Awesome! Doc patches are great!
Now for the review. This isn't comprehensive, but here's a first pass at least.
A common problem is a missing 'the' in front of 'following'. I pointed it out in a few places, but there are more. Articles in English are tricky. 'Following' is particularly tricky though because 'following' without 'the' or 'a' in front of it is a verb (e.g., "The dog was following the boy" vs. "Hadoop has a following" or "See the following list of cool places to eat".). But hey, at least we don't have genders like the European languages though!

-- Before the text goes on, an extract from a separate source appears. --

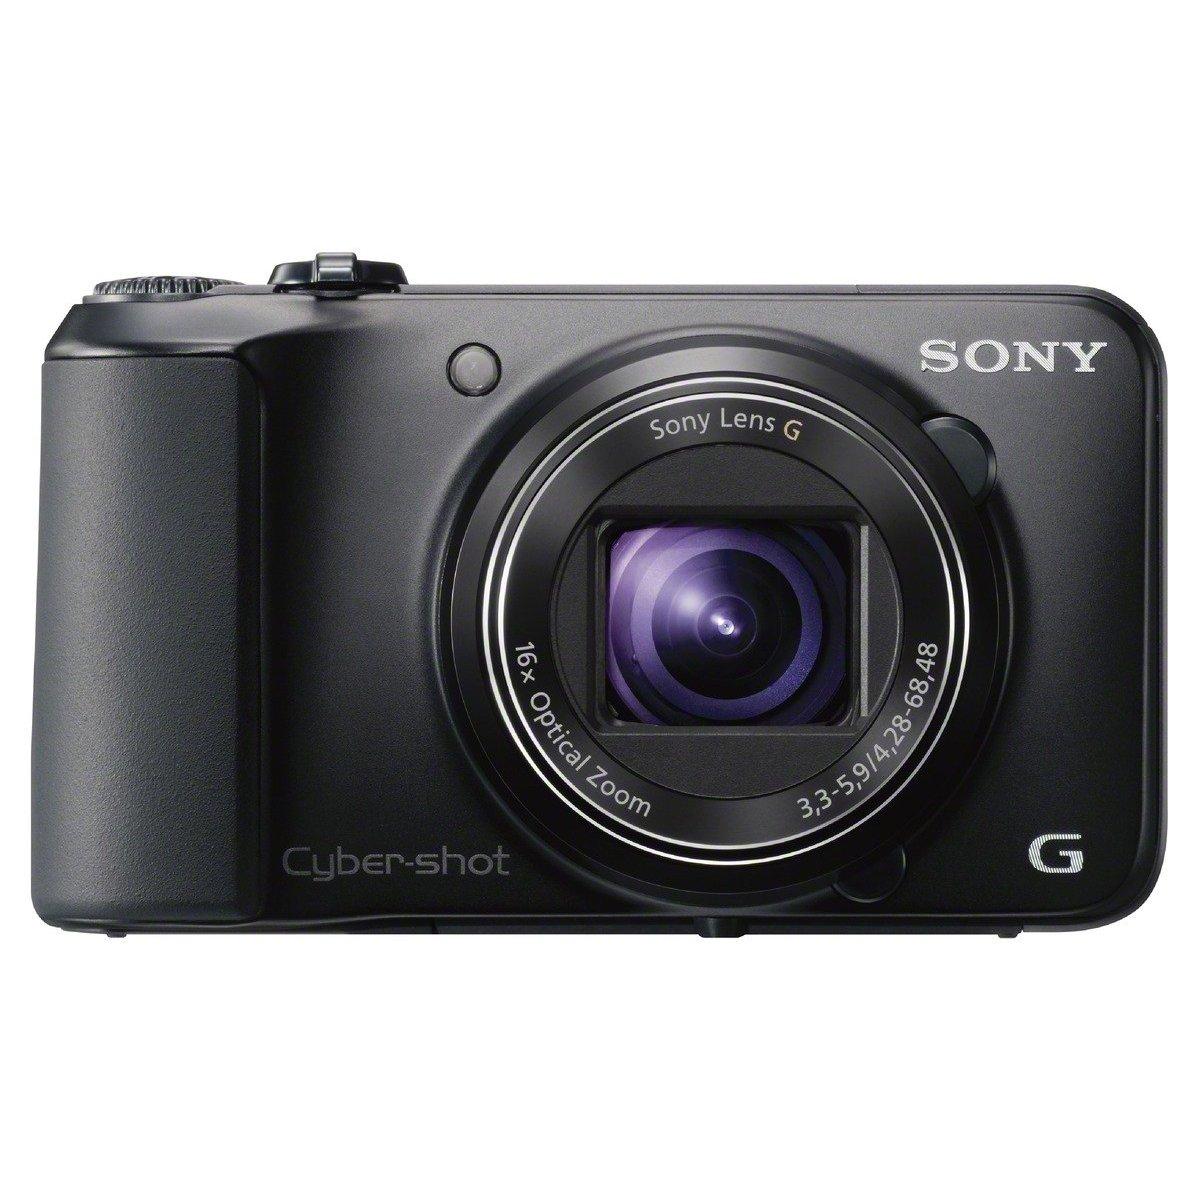 https://thetechjournal.com/wp-content/uploads/images/1203/1331531693-sony-cybershot-dsch90-161-mp-digital-camera-1.jpg

+other cases, like: Hadoop nodes running on virtualized platform, we have
+additional "hypervisor" layer, and its characteristics include:
I don't know how to parse this phrasing. It feels awkward. I'd probably rewrite as:
However for some cases, this is insufficient. Take for example Hadoop nodes running on a virtualized platform where there is an additional hypervisor layer. It has the following characteristics:
+- The communication price between VMs within the same hypervisor is lower
+than across hypervisor (physical host) which will have higher throughput,
+lower latency, and not generating physical network traffic.
Same sort of problem. I'd probably rephrase a bit:
"The communication price between multiple VMs running on one physical host is lower than the communication price between processes on multiple physical hosts. In addition to the multiple VMs having higher throughput and lower latency between themselves, they do not generate any network traffic on the wire."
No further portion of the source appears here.